L’Apollo di Veio presenta dimensioni naturali. Stilisticamente ricorda i koùroi della scultura greca. Rispetto a questi modelli greci la statua dell’Apollo presenta un movimento delle gambe più accentuato. La scultura presenta particolari scolpiti molto dettagliati. Questa finezza esecutiva dimostra l’abilità della scuola di Vulca. Sul viso mostra un tipico sorriso arcaico.

La statua presenta un modellato che separa chiaramente i volumi della muscolatura e dei panneggi. Infatti le pieghe dell’abito sono molto aderenti. Inoltre la figura di Apollo è particolarmente dinamica.

Nella scultura si coglie l’influenza della scultura greca contemporanea alla sua esecuzione. Questa influenza fu presente anche nelle altre sculture dell’epoca e conferma la derivazione da modelli greci. Sono riconoscibili infatti modelli scultorei in stile Attico e in stile Ionico. La commissione tra stile greco e manifattura etrusca si evidenzia poi nella posizione del protagonista particolarmente dinamica nel passo che sta compiendo in avanti.

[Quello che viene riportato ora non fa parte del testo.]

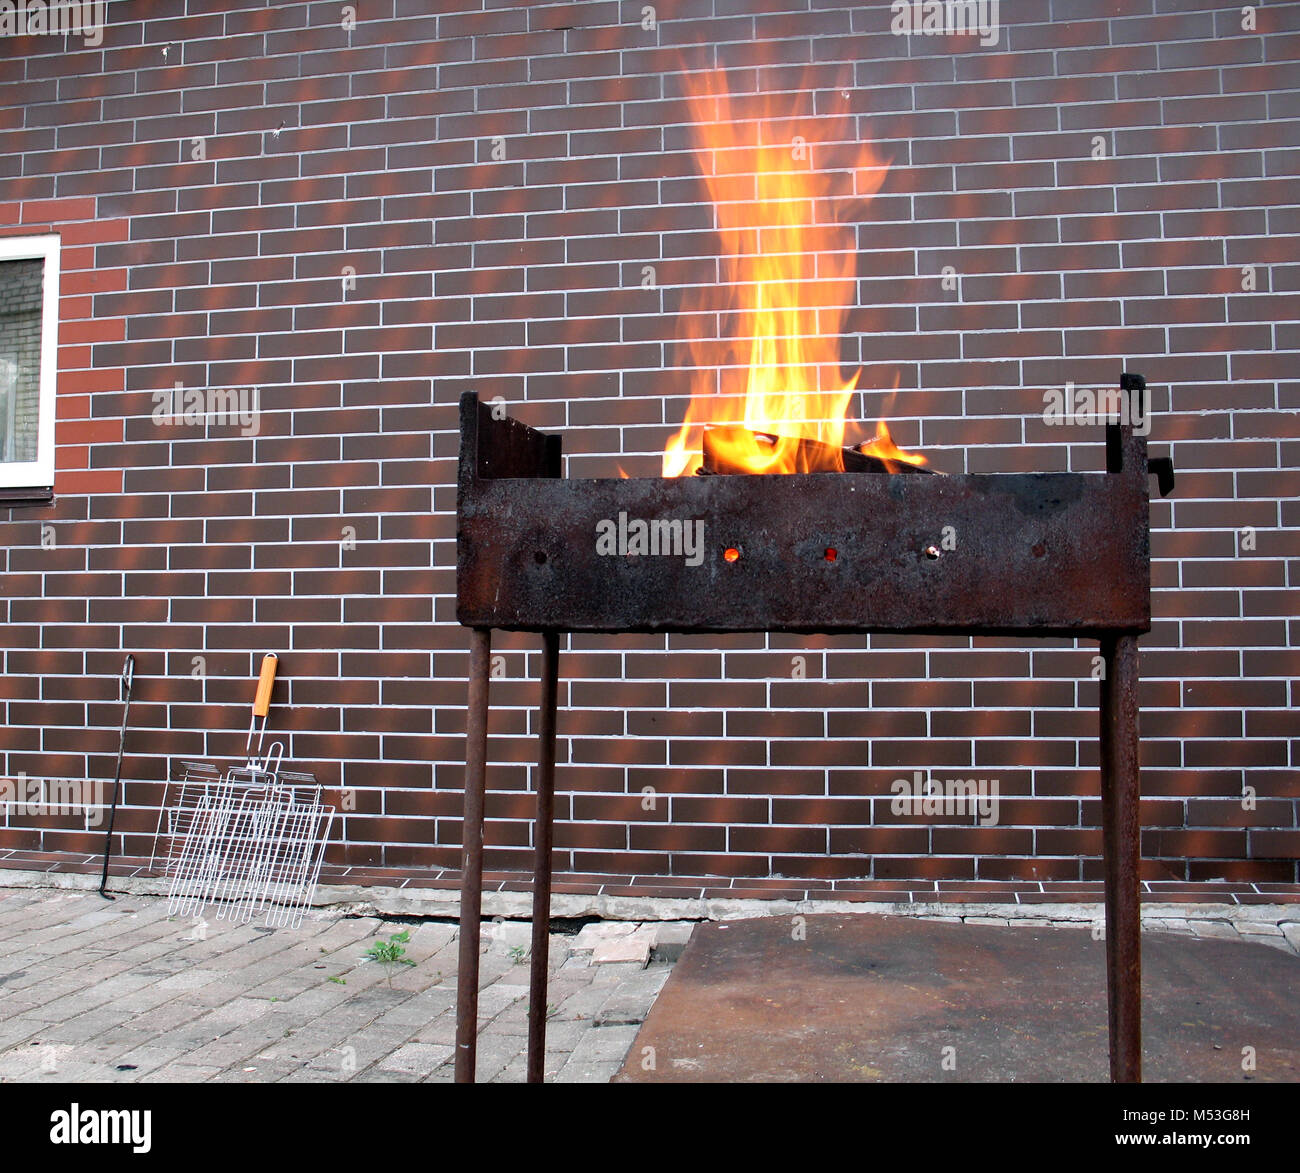 Firewood and fire in the old rusty charcoal grill on brick wall background Stock Photo

Inoltre sono tipici del gusto etrusco il sorriso e l’espressione che assume Apollo derivata da una concezione arcaica.

La tecnica

L’Apollo di Veio è una terracotta policroma di 181 cm di altezza. Lo scultore realizzò corpo, testa, braccia e gambe separatamente e le mise insieme in seguito alla cottura. La statua poi permette di apprezzare le capacità tecniche degli artigiani etruschi e la loro finezza esecutiva. Secondo alcuni storici questa grande abilità derivava dall’aspirazione spirituale che motivava la realizzazione di queste statue. Infatti gli artisti etruschi tennero sempre ben presente la finalità religiosa delle loro statue. Diversamente gli artisti greci concepirono le proprie opere anche come creazioni autonome legate ad una pratica estetica e non solamente religiosa o etica.

La luce sulla scultura

La superficie dell’Apollo di Veio era dipinta. I capelli erano colorati di nero. La pelle invece era di colore rosso violaceo. La veste e il mantello poi erano rese con due diverse sfumature di ocra, bianco e nero.

Rapporto con lo spazio

Vulca progettò una scultura che tiene conto del punto di vista dal basso visto che la statua del dio era destinata al tetto del tempio. Infatti anche le altre statue presentano deformazioni ottiche necessarie a correggere la prospettiva dal basso.

La struttura

La figura scolpita di Apollo è raffigurata nell’azione di incedere in avanti. Quindi i piedi sono distanziati e le gambe leggermente divaricate. L’autore così progettò un appoggio centrale decorato che offre un terzo sostegno alla scultura.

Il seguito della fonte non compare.